Keeping Kids Healthy
By Drs. Sally Robinson and Keith Bly
Probiotics — meaning for life — are microorganisms that may help with digestion and offer protection from harmful bacteria just as the existing good bacteria in your body already does.
The most common types of probiotics are strains of tiny organisms called bifidobacterium and lactobacillus.
Some formulas are fortified with probiotics, which are live bacteria. They are good or friendly bacteria that are already present at high levels in the digestive system of breast-fed babies.
Prebiotics are nondigestible carbohydrates that act as food for the probiotics. Prebiotics are found in whole grains, bananas, onions, garlic, honey and artichokes.

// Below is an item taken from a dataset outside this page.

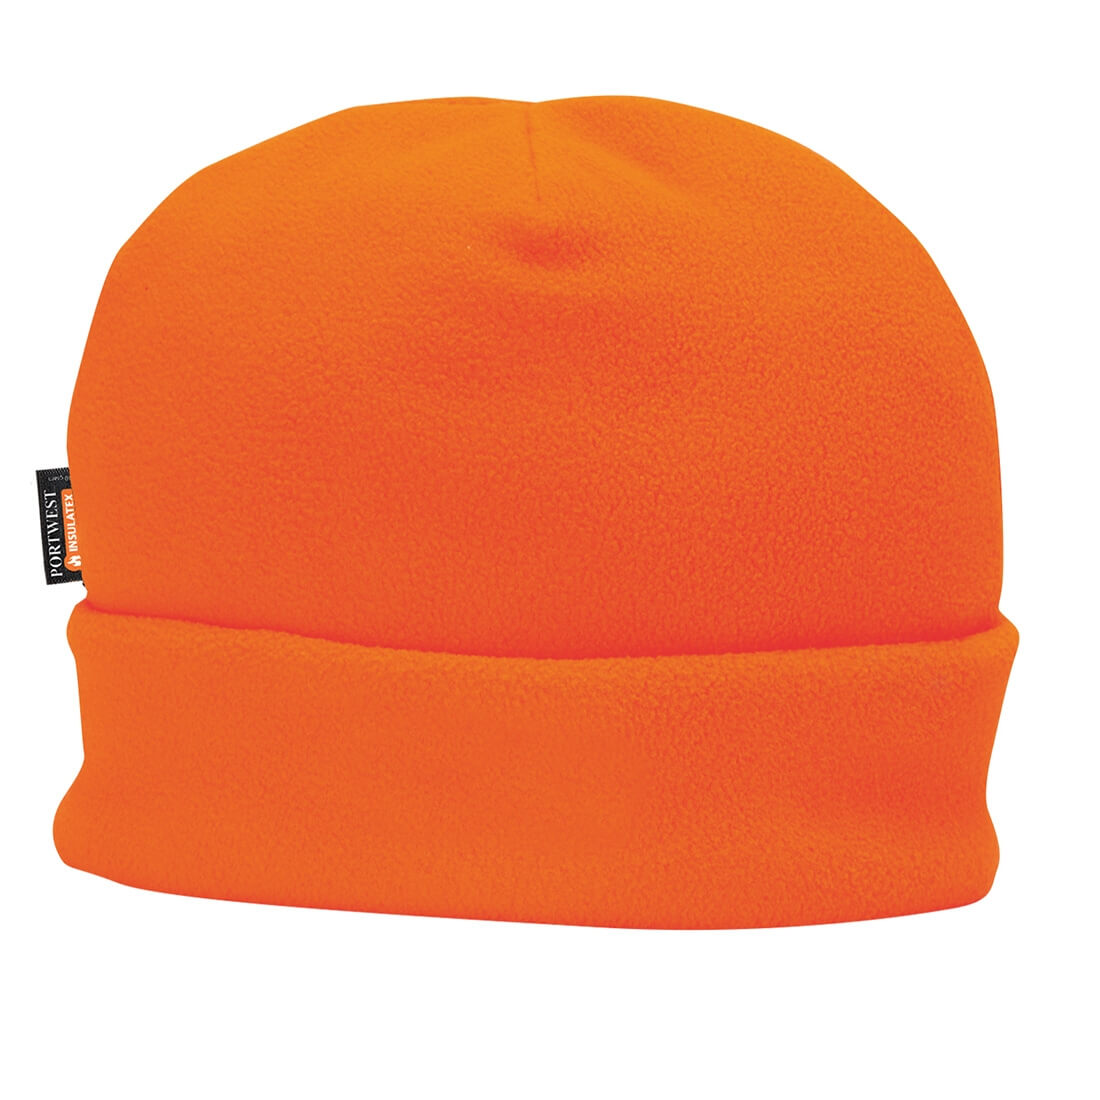 Fleece Hat Insulatex Lined - Safetywear

When probiotics and prebiotics are combined, they are called synbiotics. Yogurt is an example of a synbiotics, which contains the live bacteria and the fuel they need to survive.

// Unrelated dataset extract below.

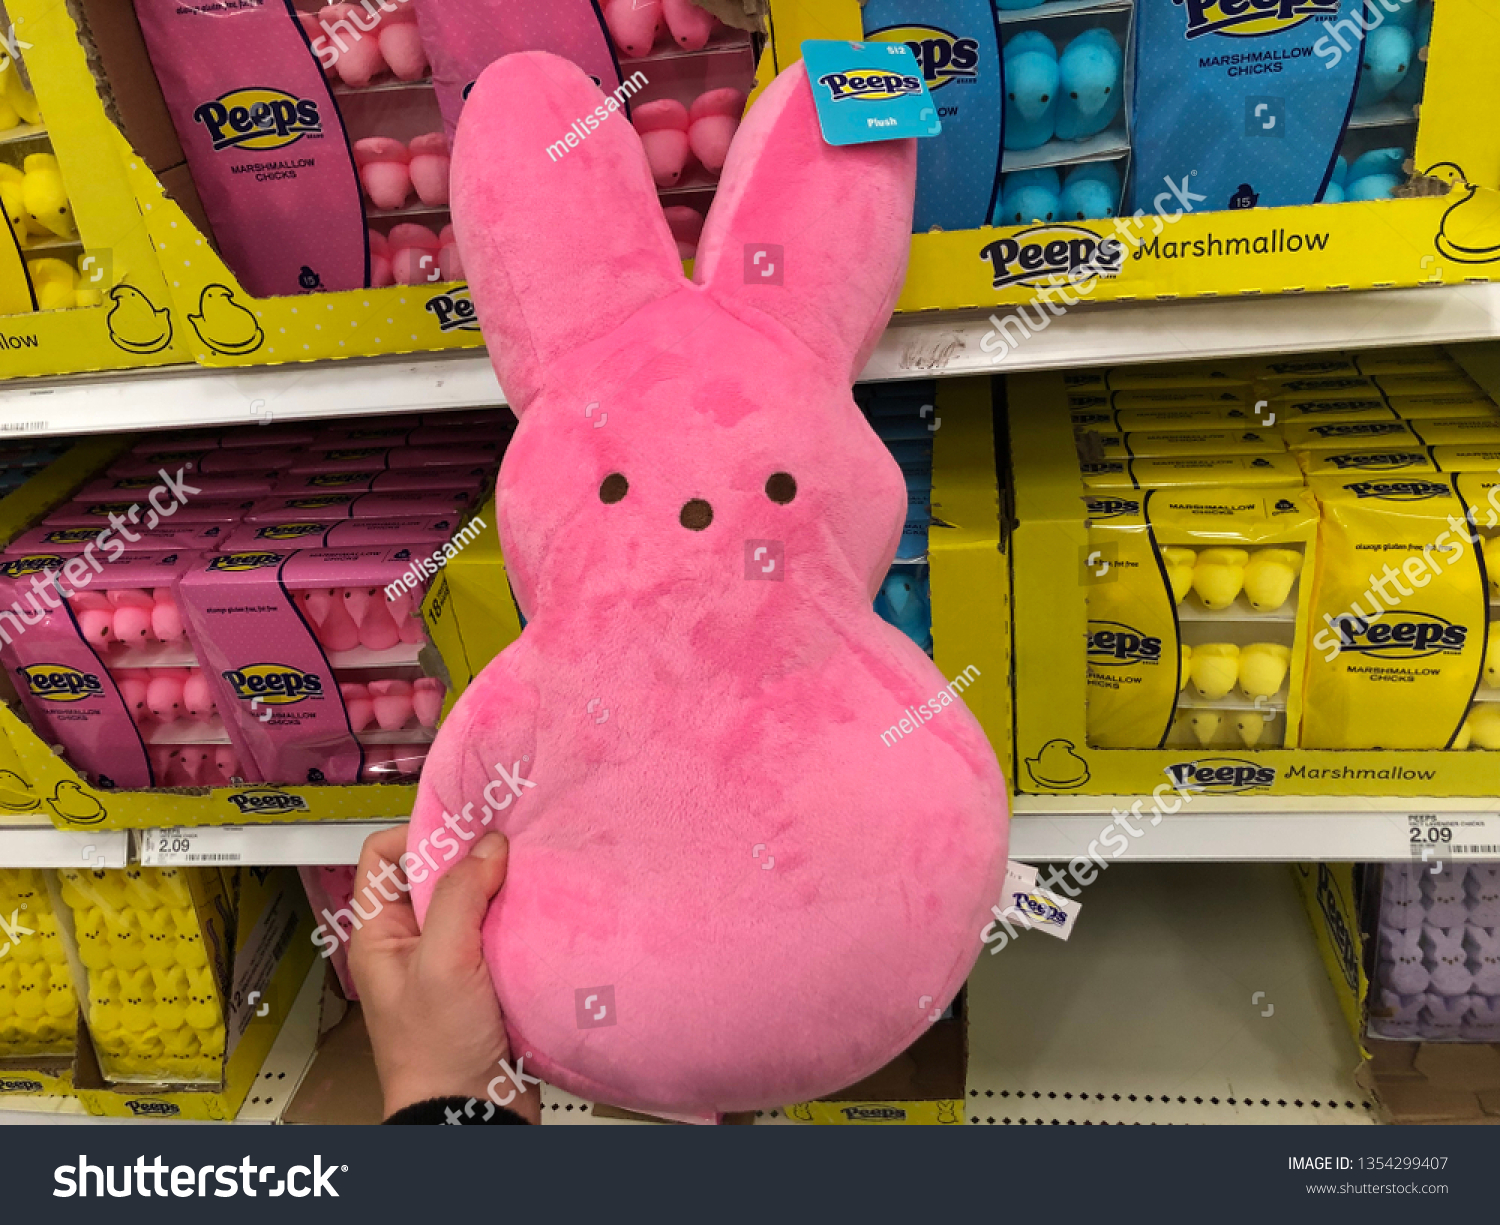 peeps giant plush bunny

Some research has shown that the probiotics mentioned above may prevent or treat disorders such as infectious diarrhea and atopic dermatitis (eczema) in children.
They have been shown to help treat diarrhea after treatment with certain antibiotics.

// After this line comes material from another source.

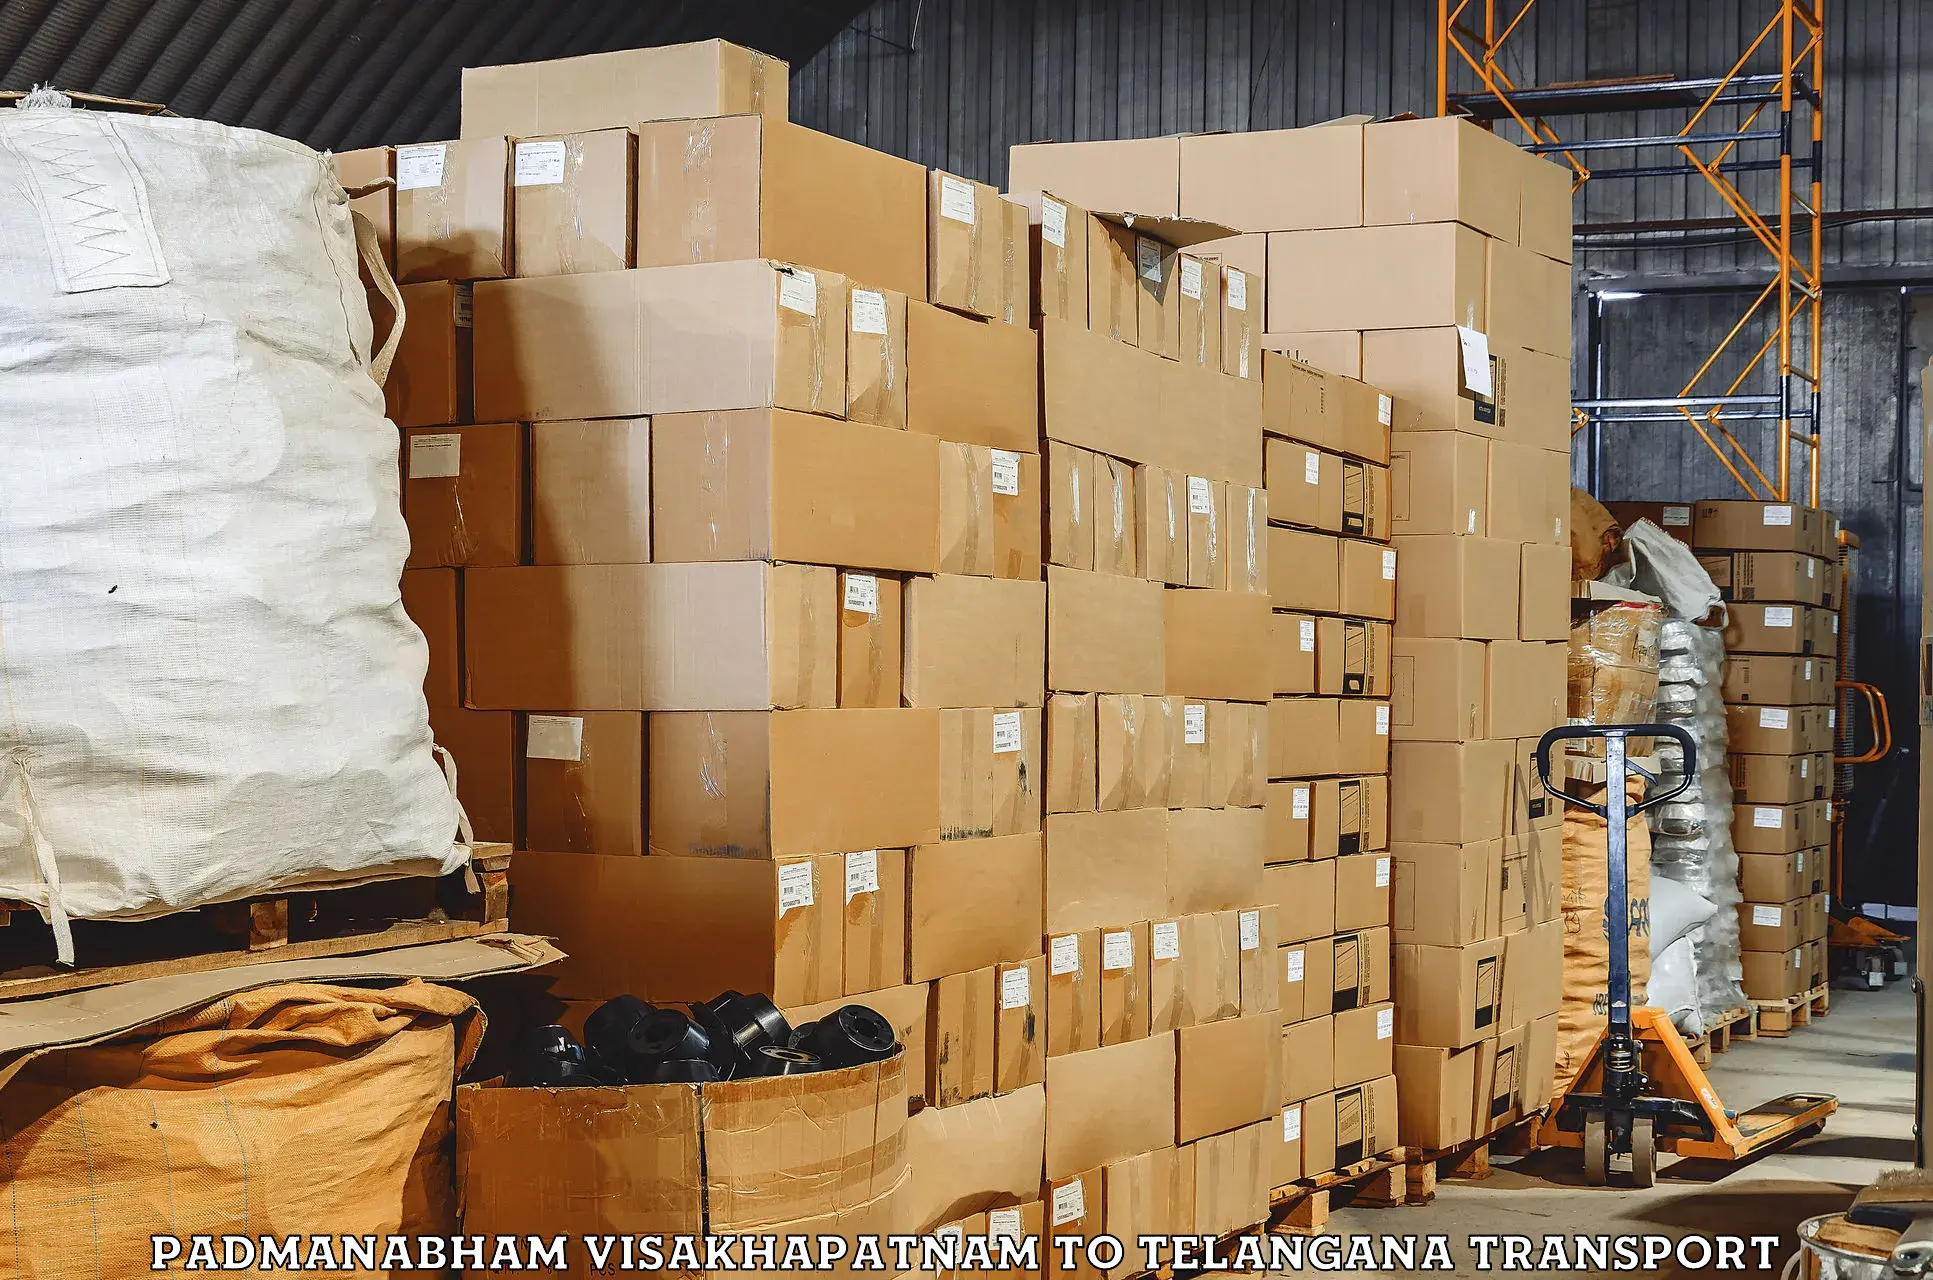 Goods delivery service Padmanabham Visakhapatnam to Yacharam

In formula-fed babies, the introduction of probiotics is designed to promote a balance of bacteria in your baby’s intestines and offset the growth of unfriendly organisms that could cause infections and inflammation.
Other possible health benefits are being studied as well, including whether probiotics can lower your child’s risk of food-related allergies and asthma, prevent urinary tract infections, or improve the symptoms of infant colic.
Side effects are rare. With many of these health conditions, the evidence confirming any positive effects of prebiotic use is limited and more research is needed.
At this time, any benefits appear to occur only as long as the probiotics are being taken. Once your baby stops consuming probiotic-fortified formula, the bacteria in the intestines will return to their previous levels.
Before giving your child infant formula that is fortified with probiotics, discuss the issue with your health care provider.
Sally Robinson is a clinical professor of pediatrics at UTMB Children’s Hospital, and Keith Bly is an associate professor of pediatrics and director of the UTMB Pediatric Urgent Care Clinics. This column isn’t intended to replace the advice of your child’s physician.